Члены политбюро, словно по команде сбросили чары неподвижности, задвигались в своих креслах, заговорили.
— Товарищи…
Сталин предупреждающе поднял ладонь, одним легким движением создавая тишину и внимание.
— Нам привезли интересные мысли и интересное предложение. Возможно, они бредовые… Возможно… Не будем спешить и немного подумаем над ними. Я предлагаю разойтись и подумать, скажем, три дня. Затем соберемся и уже без спешки, на холодную голову обсудим его.
Глава 8
В отличие от многих других авиационных частей немецкой Второй Воздушной, 'Грифоны' базировались только на бетонных аэродромах. Новомодное американское изобретение, заимствованное русскими, благодаря их торговым связям — металлические сетки, превращавшие дикое поле в аэродром в самые короткие сроки, прижилось и у немцев, но размещать на импровизированных площадках четырехмоторные бомбардировщики немецкие авиаторы опасались. И, в общем, правильно делали.

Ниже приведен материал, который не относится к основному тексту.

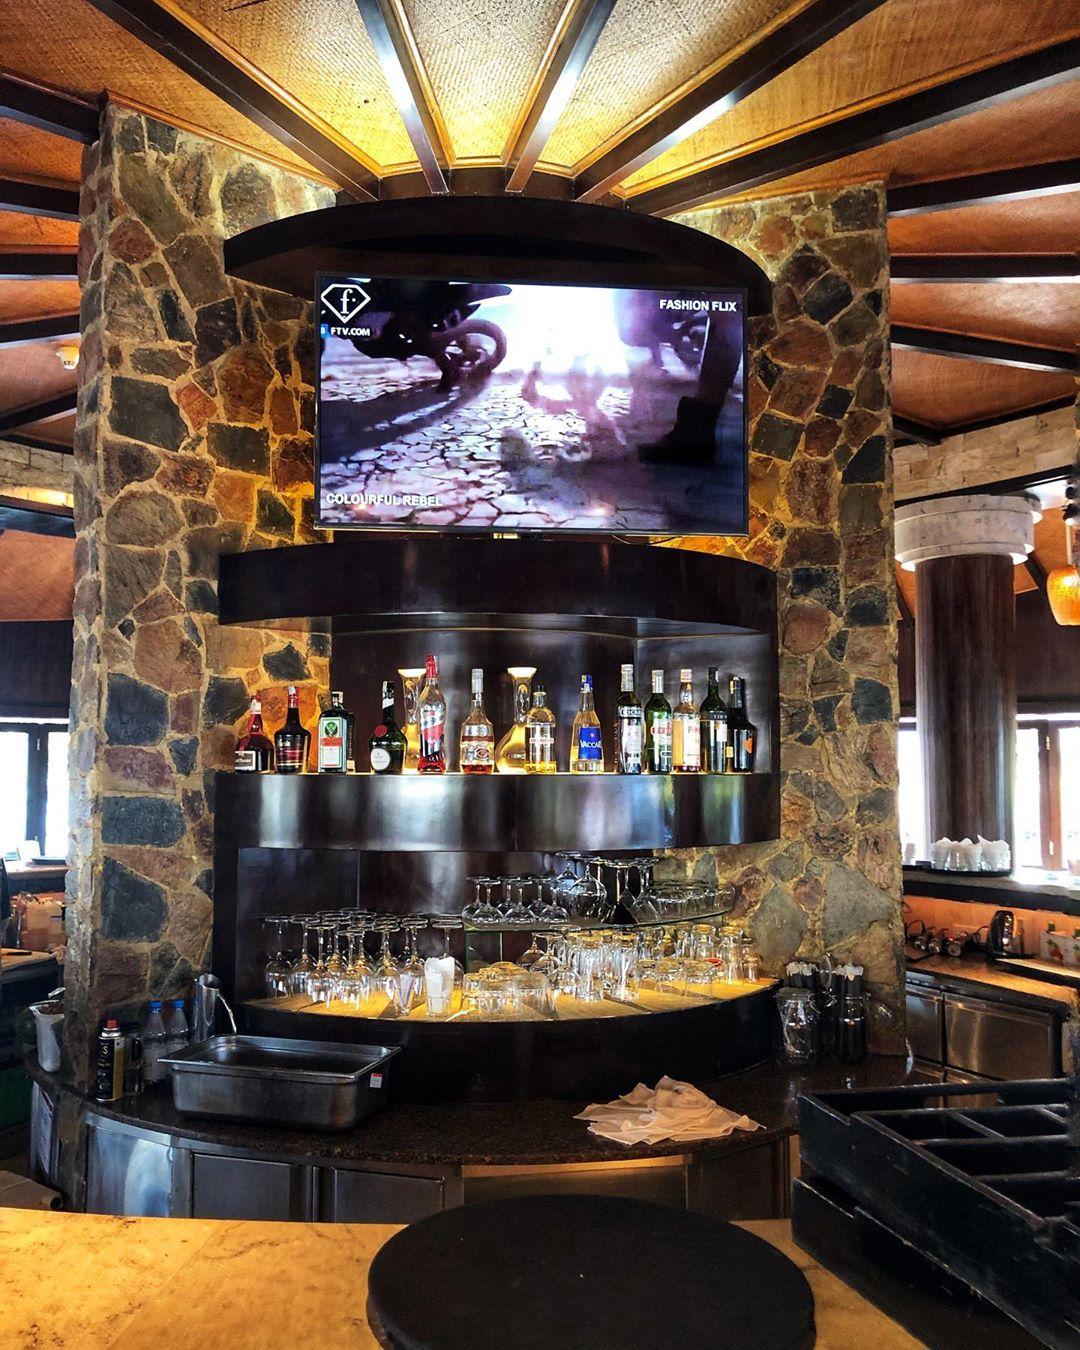 4 quán pub có view ngắm hồ Tây cực đỉnh dành cho những cô nàng đam mê văn hóa Apéro - hết giờ làm là đến luôn giờ chill! - Ảnh 11.

Молодой командир корабля Карл Харнье размашистой походкой направлялся к желтой 'девятке' с незатейливым рисунком из нескольких бомб, обозначающих количество боевых вылетов машины. Его с товарищами сразу готовили на 'Грифоны'. Таких, несмотря на выпуск военного времени с укороченными программами и усеченными часами гоняли по довоенным нормам, не экономя на топливе и теоретической подготовке. Потому, несмотря на самый малый из командиров экипажей боевой опыт в эскадрилье, Карл владел своим самолетом не хуже выпестованного войной аса.

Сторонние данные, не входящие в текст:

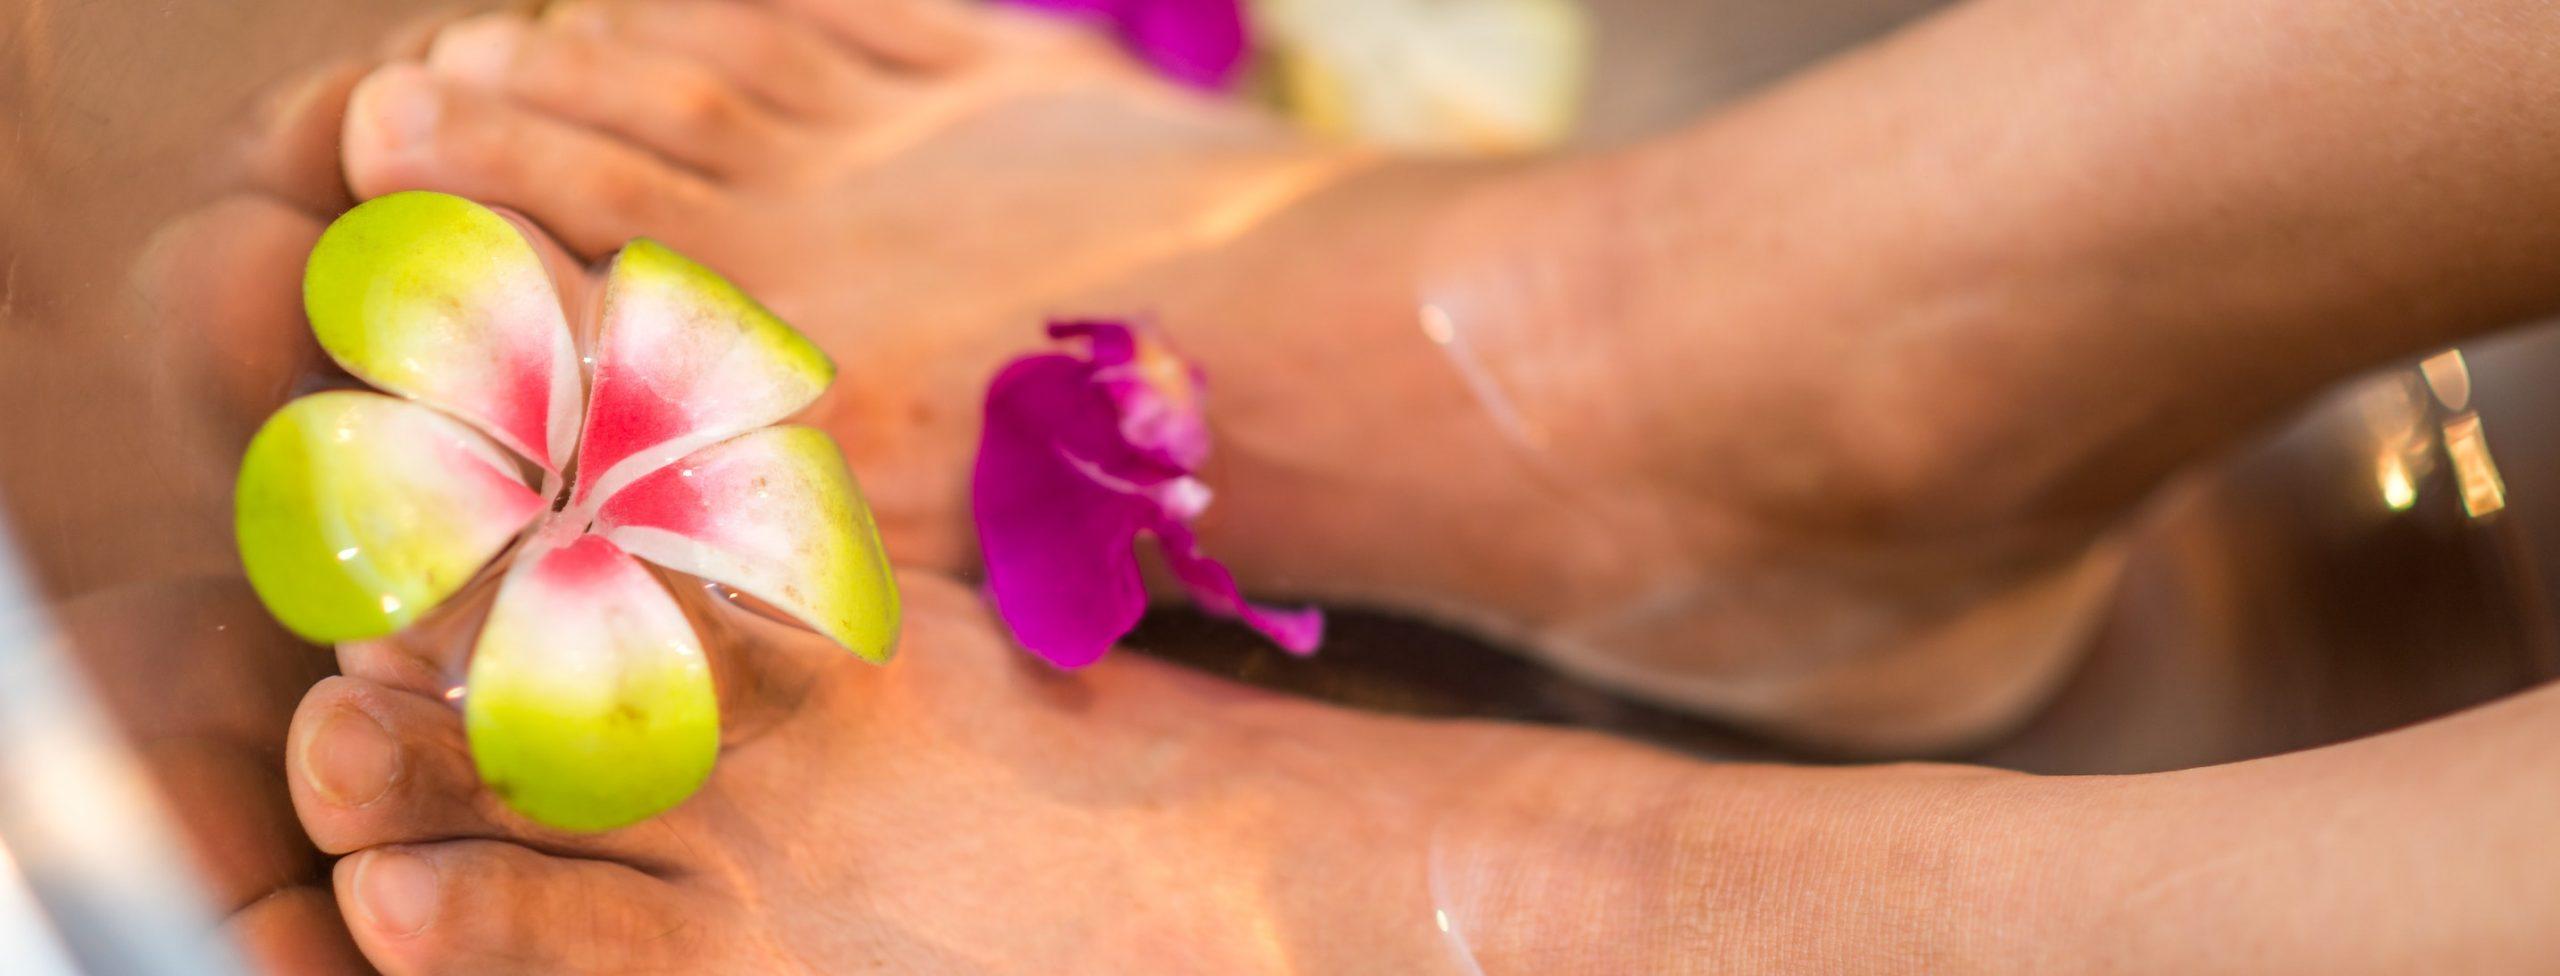 thaimassage-märsta-fotmassage-fotbehandling

Что главное в войне для бомбардировщика, особенно тяжелого бомбардировщика? Казалось бы, лети в строю, как на автобусе, сбросил бомбы по команде старшего группы и назад. Никаких виражей, стремительных атак от солнца, штурмовки на грани столкновения с землей. Но нет. У истребителя один мотор, а у тяжелого 'Грифона' — целых четыре, и винтов тоже четыре. А значит глаз да глаз за расходом горючего. Кто на последних каплях домой прилетает, а кому еще висеть над аэродромом в ожидании своей очереди или сразу к соседям. Да и строй держать нужно уметь. Чем лучше его держишь, тем плотнее совместный огонь бортового оружия всей группы, тем выше шансы вернуться домой. А будешь аутсайдером, так и вовсе спишут в замыкающие, а там все просто — лети, отстреливайся, пока патронов хватит, жди, пока очередной спитфайр пушечной очередью поставит точку в твоей летной карьере. А ведь есть еще бомбардирское искусство, когда штурман, глядя в хитрое устройство, рассчитывает параметры сброса бомб. И только попробуй отвернуть или отклонится от его указаний.

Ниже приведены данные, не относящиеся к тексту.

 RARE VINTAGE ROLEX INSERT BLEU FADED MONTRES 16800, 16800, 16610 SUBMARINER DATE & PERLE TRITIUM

Но это лирика, а практика укладывалась в простую математику. На один вылет у тяжелых четырехмоторных приходилось до трех процентов потерь. Казалось бы, три машины из сотни — это немного. Но десять вылетов — тридцать процентов, потеря трети первоначального состава. Экипажам 'Грифонов' полагался отпуск после двух десятков вылетов, двадцать умножить на три равно шестьдесят.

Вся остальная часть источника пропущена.